The Pros and Cons of Net Promoter Score - NPS

The Net Promoter Score (NPS) is a customer loyalty measurement developed by Fred Reichheld, Bain & Company, and Satmetrix. It relies on only one question: How likely is it that you would recommend our company/ product/ service to a friend or colleague?

It then breaks up responses into three areas:

  • Promoters (9-10). The happiest and most loyal customers that are most likely to refer to others.

  • Passives (7-8). Customers are happy but are unlikely to refer to others. They may be swayed to a competitor fairly easily.

  • Detractors (0-6). Detractors are customers that are unhappy and may spread negative messages and reviews.
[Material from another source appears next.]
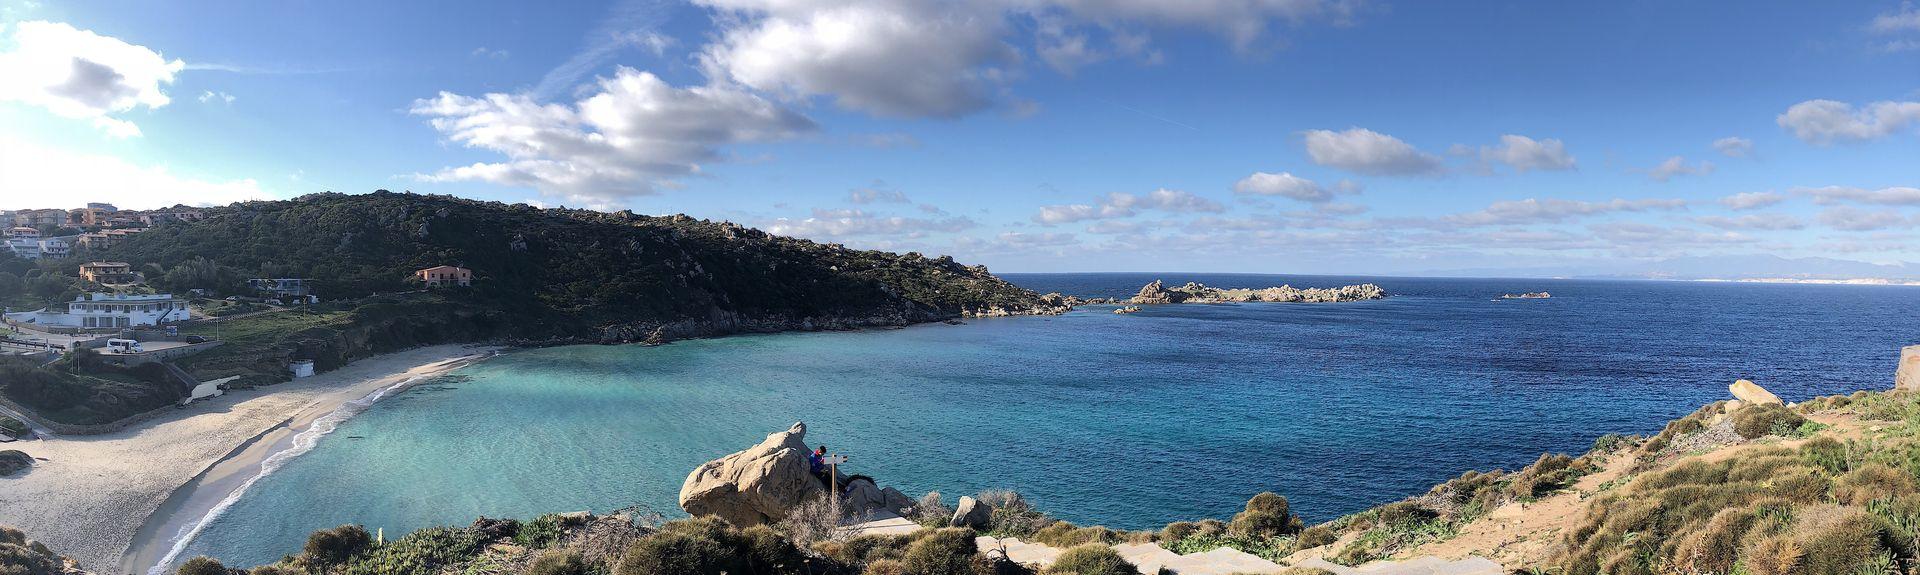 Ruoni, Santa Teresa di Gallura, Sardinia, Italy

As a metric, NPS has done a lot to help companies rally their organizations around a measurement that is simple to use. This in and of itself, makes NPS a winner. Instead of distributing bulky customer satisfaction surveys, where the people issuing the survey don’t really know what to do with the results, NPS has one question and one metric.

As Fred Reichheld, creator of NPS notedMost customer satisfaction surveys aren’t very useful. They tend to be long and complicated, yielding low response rates and ambiguous implications that are difficult to act on.”
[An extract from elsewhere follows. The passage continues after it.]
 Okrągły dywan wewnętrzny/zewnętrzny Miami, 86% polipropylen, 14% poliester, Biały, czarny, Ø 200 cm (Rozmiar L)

Recently, we’ve come across some challenges with NPS raised by customers of our clients:

  • NPS does not always correlate with customer loyalty, retention and growth. When the correlation doesn’t prove out, companies get frustrated because NPS does not provide the reasons behind the ranking. For example, we spoke to one customer who said he would recommend the company but he was also planning to cancel his contract with them. We learned this through an interview and when we asked why the answer was simply. “I think the company is strong and I would recommend them, I just think the competition is better for what we need.”

  • NPS can tell you what your customers think but not why they feel that way and if you are looking to earn customer loyalty you can ignore some of the challenges underneath the response and equally the opportunities. In one case a client chose to ignore all of the passive grouping and chose to only focus on those that were positively oriented. While you may not be able to mobilize your detractors, it is important to understand why they feel the way they do; through listening the potential exists for fixing the problem.

NPS is a starting place for a series of longer term actions with customers and employees. Like all measurements it is not perfect, but it does bring to the light of day the strengths and weaknesses in one simple measurement. And in today’s currency – simple is gold.